Between 14th and 20th October 2012 we took part in a Study Session ‘Youth Advocacy for Peace’, which took place at the European Youth Center in Budapest. The aim of the study session was to provide theoretical background and practical skills in peace advocacy as well as space for networking and exchange of experiences, good practices and ideas for young activists and leaders. We were among 31 participants, who are involved in at least one of the fields of peace building, conflict transformation, advocacy for peace, youth and social work or inter-cultural learning in more than 15 countries.


Part of the group at work, from left to right: Elena Georgalla (Greece); Nik Paddison (UK); Serkan Kurucu (Turkey); Maj Grasten (Denmark); Iulia Socea (Romania); Dominika Kasprzak (Poland); Satenik Baghdasaryan (Armenia); Fanny Tittel-Mosser (France). Photo by Albina Hajimahammadova.

click on photo to enlarge

During the 5 days of the session, we discussed the main aspects of peace advocacy; methodology, definition, strategies, limits and challenges. We also worked on the different levels of advocacy; grass root, European and international. We discussed the importance of youth involvement and networking in advocacy, analyzed case studies of advocacy at different and shared their personal experiences. Other key topics raised during our workshops included culture of peace and peace education. By participating in the session we improved our skills in conflict management, conflict transformation and peace-building. As a result we will be better positioned to play a more important role in enhancing the culture of peace for the future.
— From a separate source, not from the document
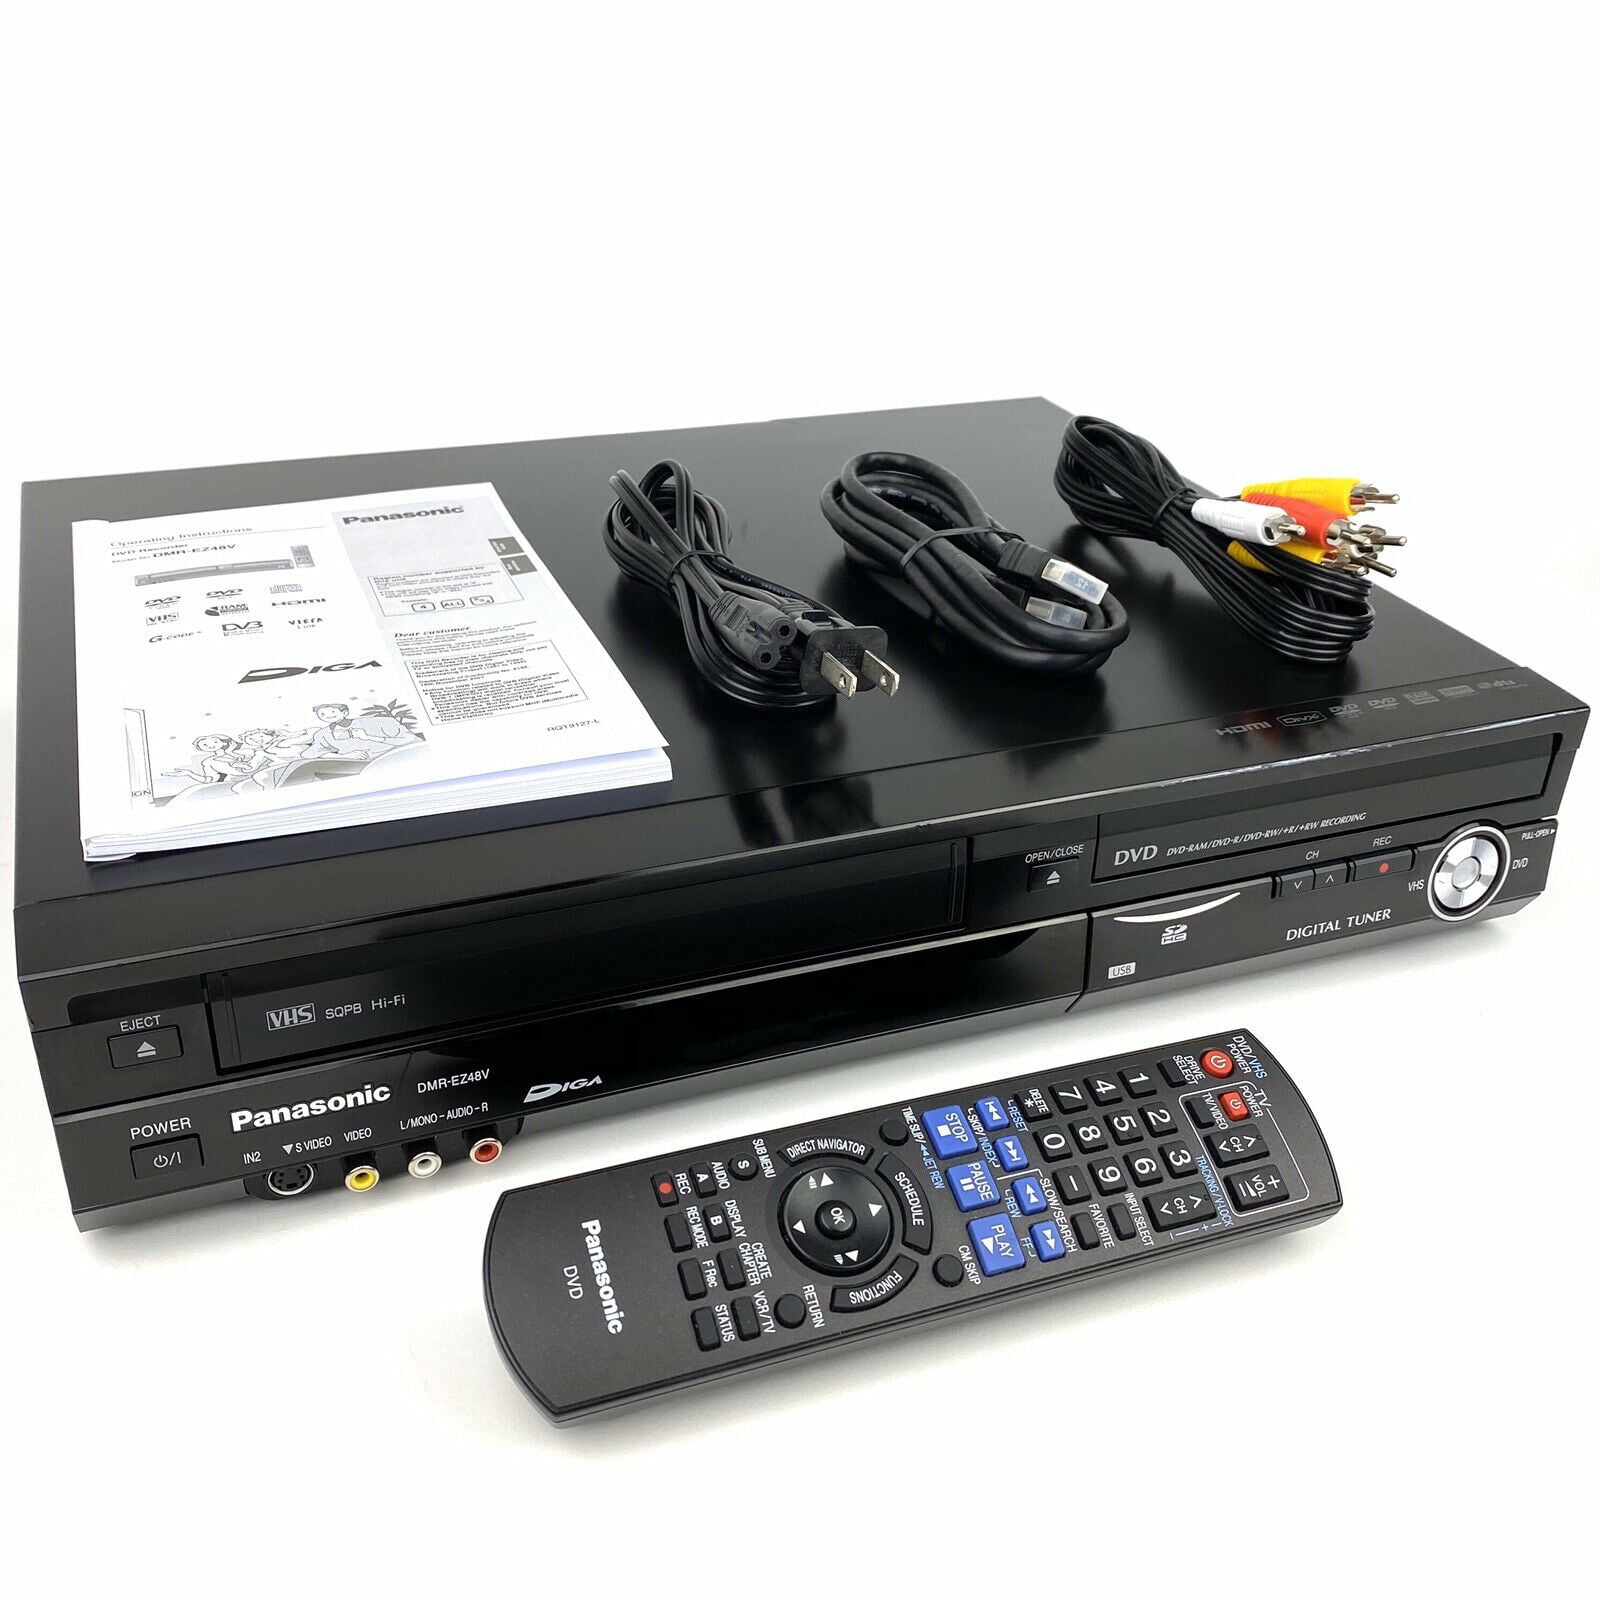 Panasonic DMR-EZ48V DVD VCR Combo Player VHS to DVD Recording HDMI

As a final product of the training session, we came up with set of peace advocacy guidelines and recommendations based on previously learned effective tools and strategies for youth advocacy. What is more, during the study session we worked on small groups creating their own peace oriented action plan which are still running, even though the study session is over. This is only one example of the multiplying outcomes of the study session for our own current and future work. Click here for an article about the study session on Communication for Social Development.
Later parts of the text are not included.